→ GOAL OF THE EXERCISE: A verbatim restatement of the data, free of pictures, is what you should output.

→ INFORMATION SHOWN:

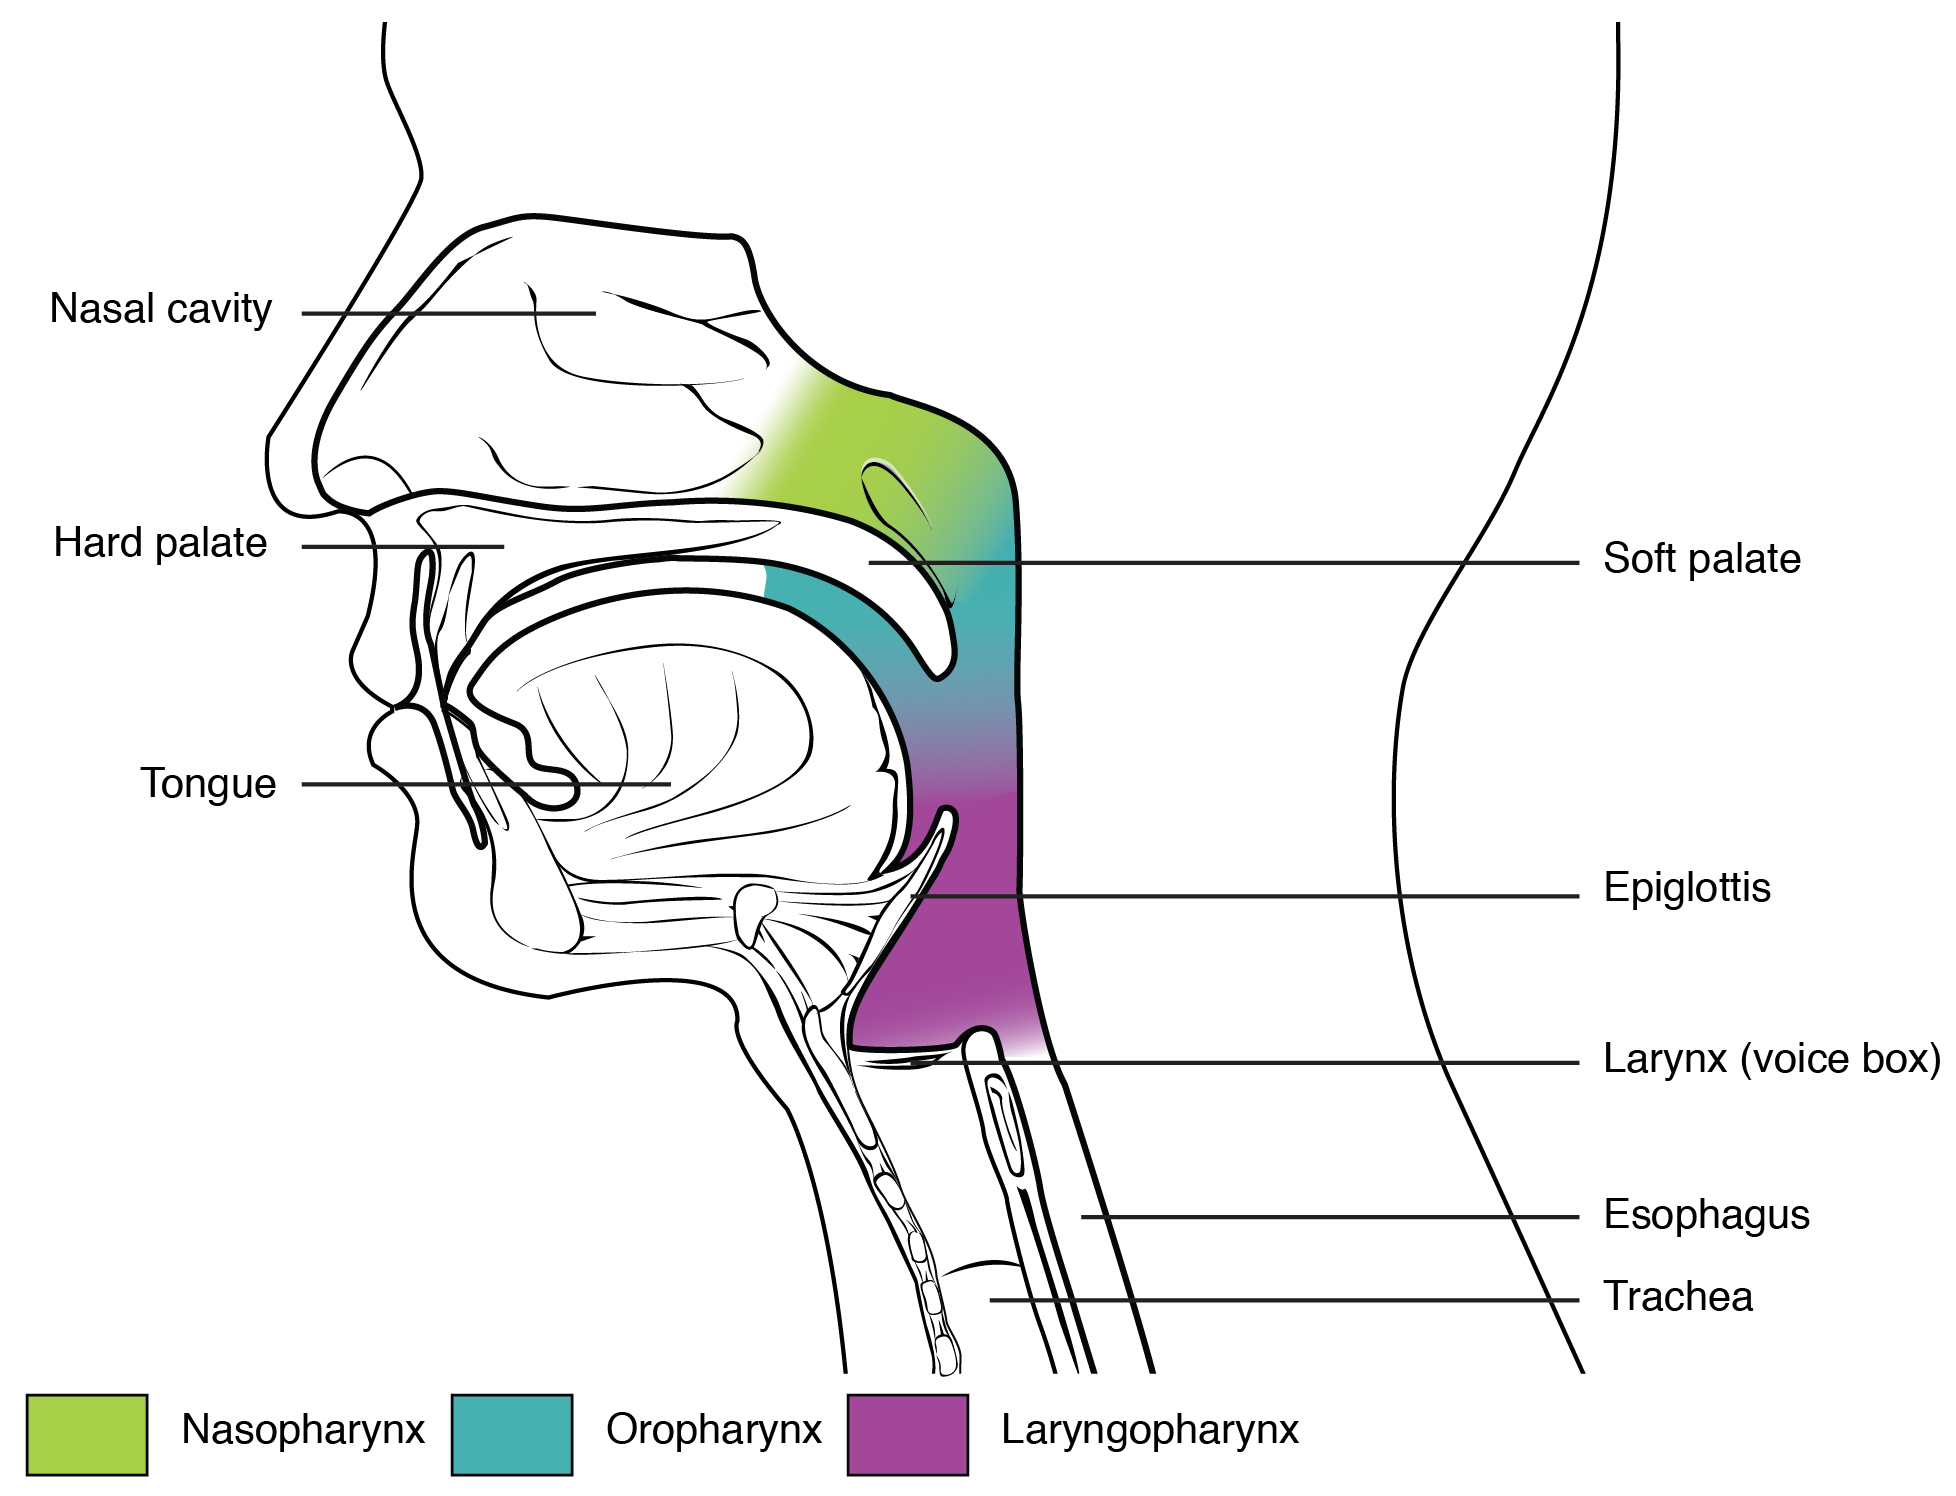 Pharynx imegawanywa katika nasopharynx, oropharynx, na laryngopharynx.
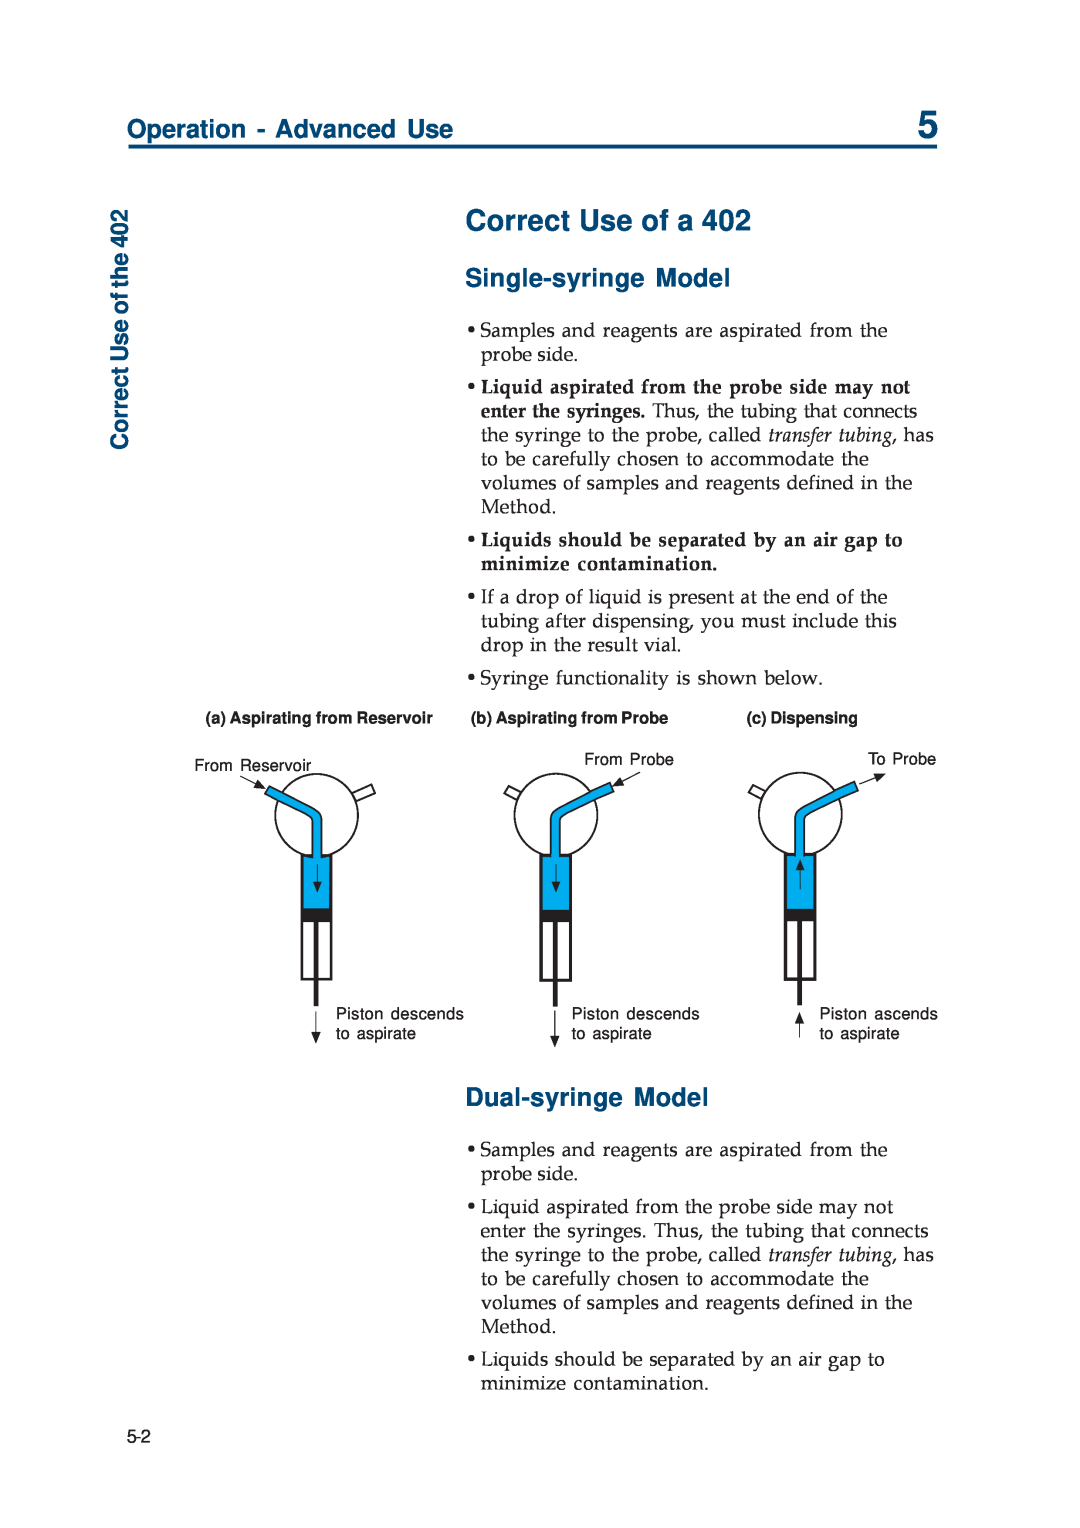 Gilson 402 manual Correct Use of a, Operation - Advanced Use, Correct Use of the, Single-syringe Model, Dual-syringe Model 
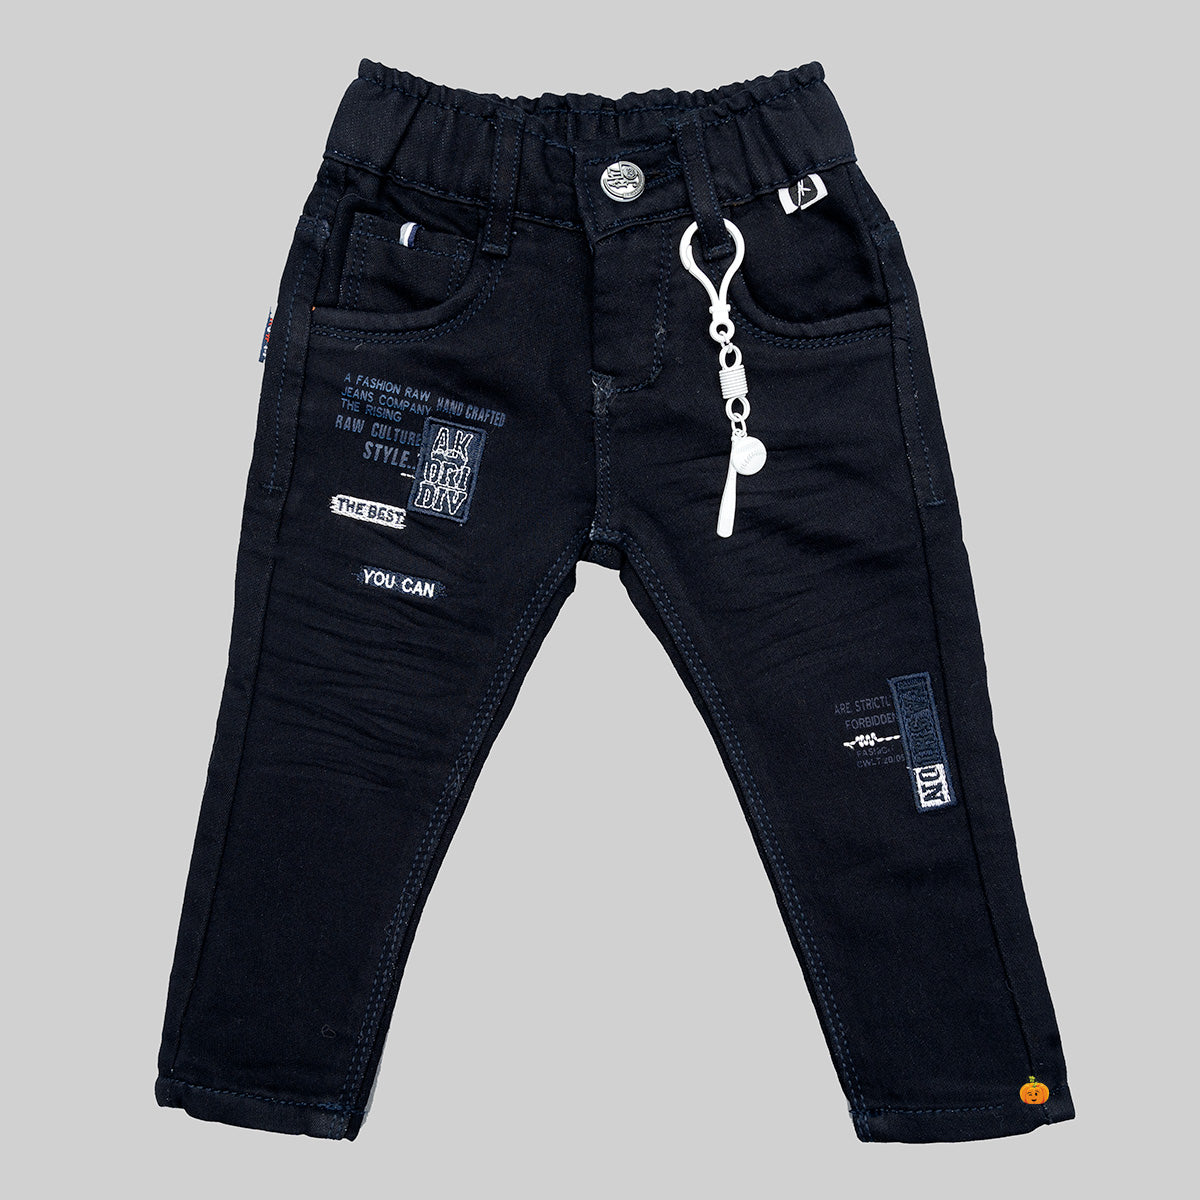 Buy Black & Navy Blue Solid Boys Jeans – Mumkins
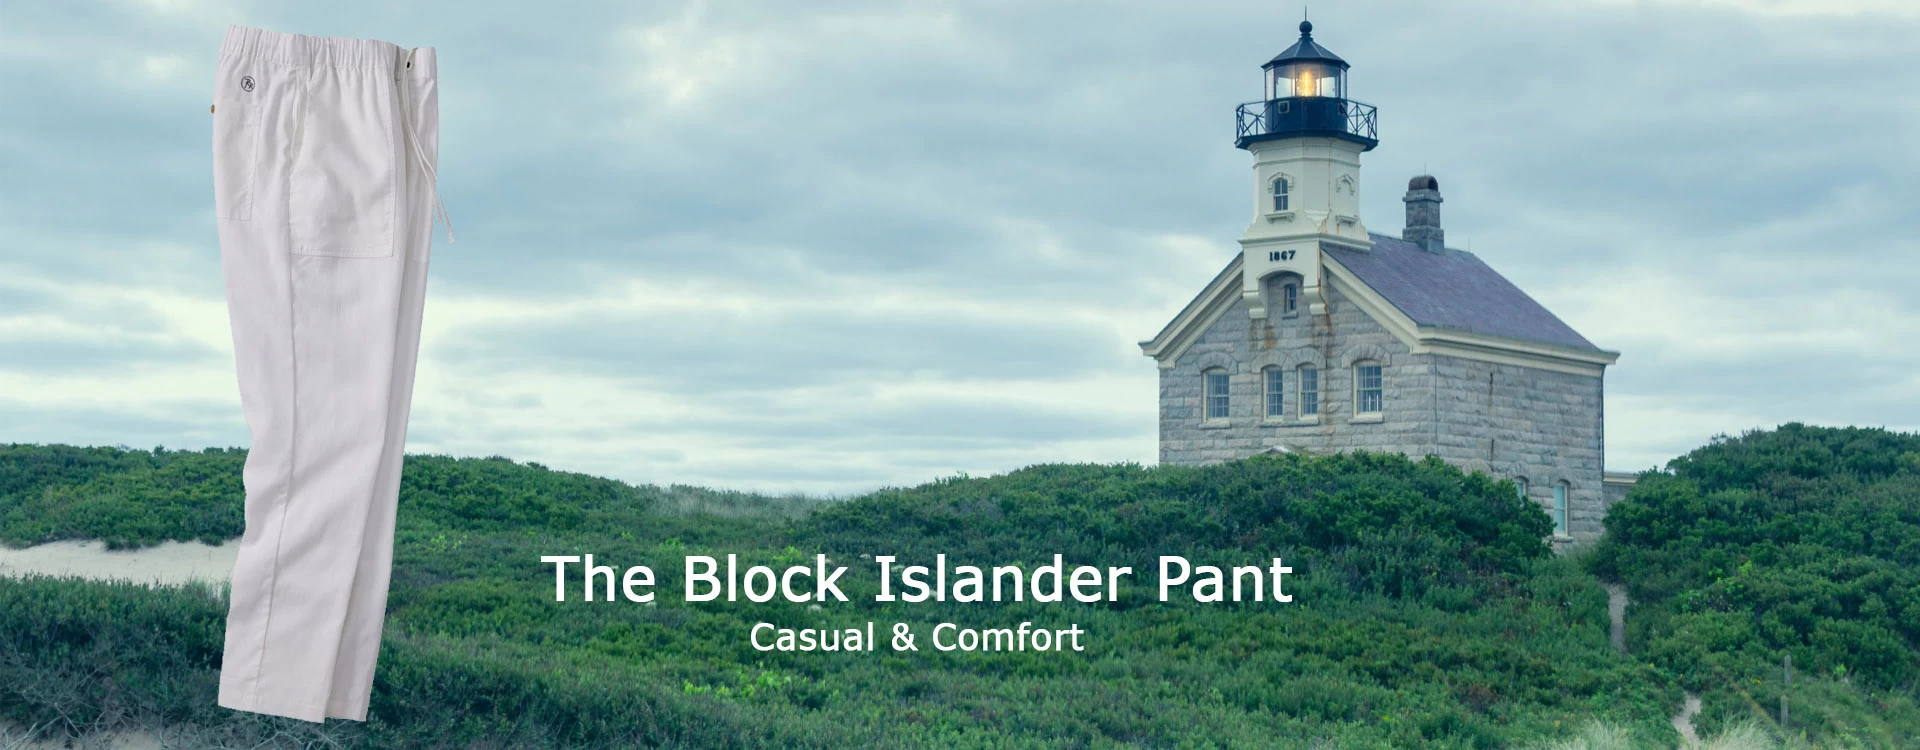 block islander pant

→ TASK ANSWER:
 Pharynx imegawanywa katika nasopharynx, oropharynx, na laryngopharynx.
 Gilson 402 manual Correct Use of a, Operation - Advanced Use, Correct Use of the, Single-syringe Model, Dual-syringe Model 
 Buy Black & Navy Blue Solid Boys Jeans – Mumkins
 block islander pant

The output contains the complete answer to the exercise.